Optical/IP Networks

BT Sinks Its Teeth Into IP

LONDON -- Large incumbent fixed line operators have little option but to build next generation converged networks now that the IP "toothpaste is out of the tube," reckons senior BT Group plc (NYSE: BT; London: BTA) executive Paul Reynolds.

Fresh-breathed Reynolds, CEO of the U.K. carrier's wholesale business unit, told the 21st Century Communications World Forum event in London on Monday that the world's major carriers have no choice but to follow BT's lead in building a new, open, standards-based IP network if they are to survive in the telecom business. (See BT Urges IP Love-In, 21CN on Track, Says BT , and BT Moves Ahead With Mega Project.)

One of the drivers behind BT's planned migration from multiple voice and data networks to a single all-IP network is cost, said Reynolds. He told a meeting room packed with hundreds of telecom executives that much needed efficiencies could be attained from a single, converged network.

He said market conditions are getting tougher, and that a lot of value has been eroded from the industry in the past 10 years. He noted that in 1996, WorldCom, now MCI Inc. (Nasdaq: MCIP), acquired the modestly-sized MFS for $14.6 billion. Now MCI is being acquired for less than half that amount (see Verizon Wins Tussle for MCI).

And Reynolds added that BT's traditional revenue base is being cut by £250 million ($474 million) each year because of price reductions and competition. "If you're an equipment vendor in the audience today, you can guess why we're pressing for ever lower prices. We all have to share the financial pressure this industry's under," said Reynolds, who reminded those equipment firms that 21CN hardware frame contracts were due to be awarded in the coming six weeks or so.

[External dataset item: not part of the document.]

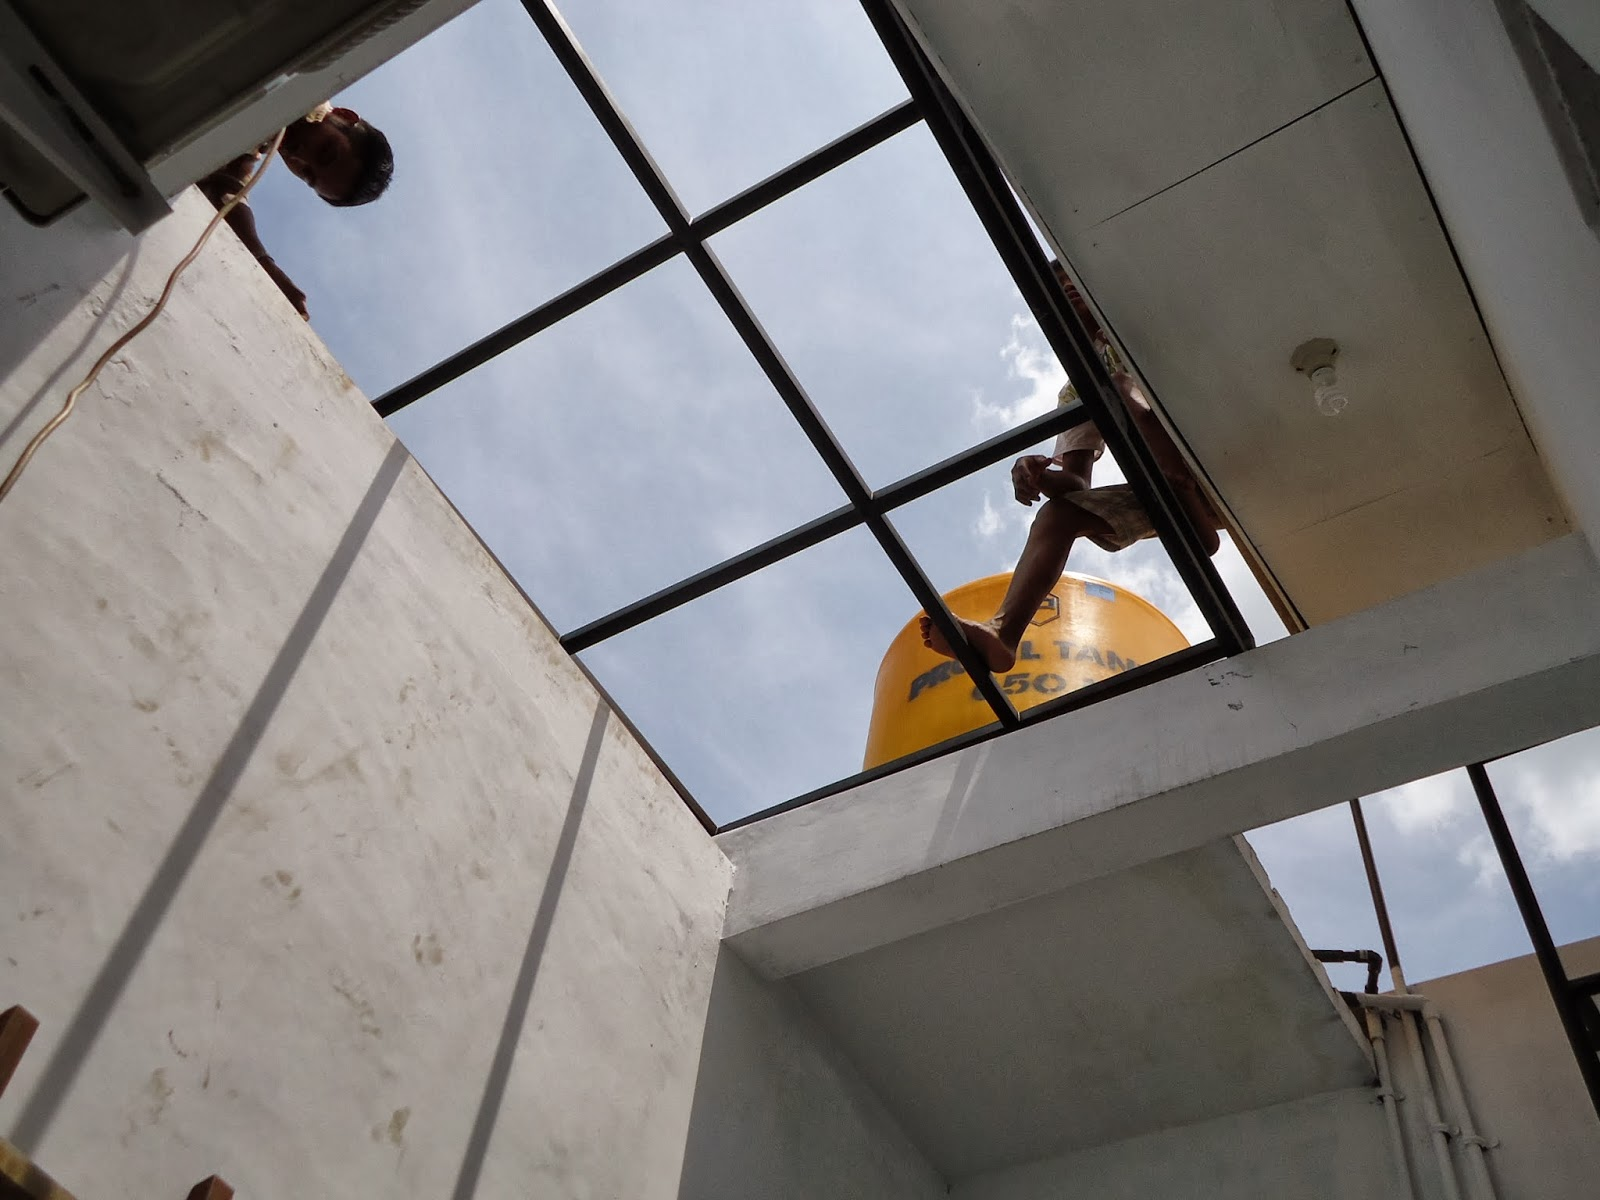 jasa borong bangunan dan renovasi rumah semarang foto

Being a large incumbent operator is no longer a guarantee of success, he added. "Some other operators have decided to hunker down, cut back on investments, and wait to see what happens. We considered that approach and decided it wasn't an option -- it's a doomed strategy," said Reynolds. "Those that sit back and wait will be relegated to commodity players," he added, flashing his gleaming smile at the audience.

"We decided that the only way to survive is to be aggressive and innovative, and we have had to commit our strategy and investments" into the 21CN, a new £10 billion ($19 billion) converged IP-based network that is set to replace BT's current public switched telephone network (PSTN) by the end of this decade.

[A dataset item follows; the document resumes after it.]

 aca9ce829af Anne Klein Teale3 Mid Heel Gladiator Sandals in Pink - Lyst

One of the end results of building 21CN will be a much faster turnaround in the development and delivery of new services. Reynolds said the time from inception to market launch will be cut from the current 18 months -- "that's far too slow" -- to just 6 months once the new IP network and its unified back office systems are up and running.

And with that, Reynolds rushed off to fire up his toothbrush and squeeze a bit more minty-fresh paste out of the tube.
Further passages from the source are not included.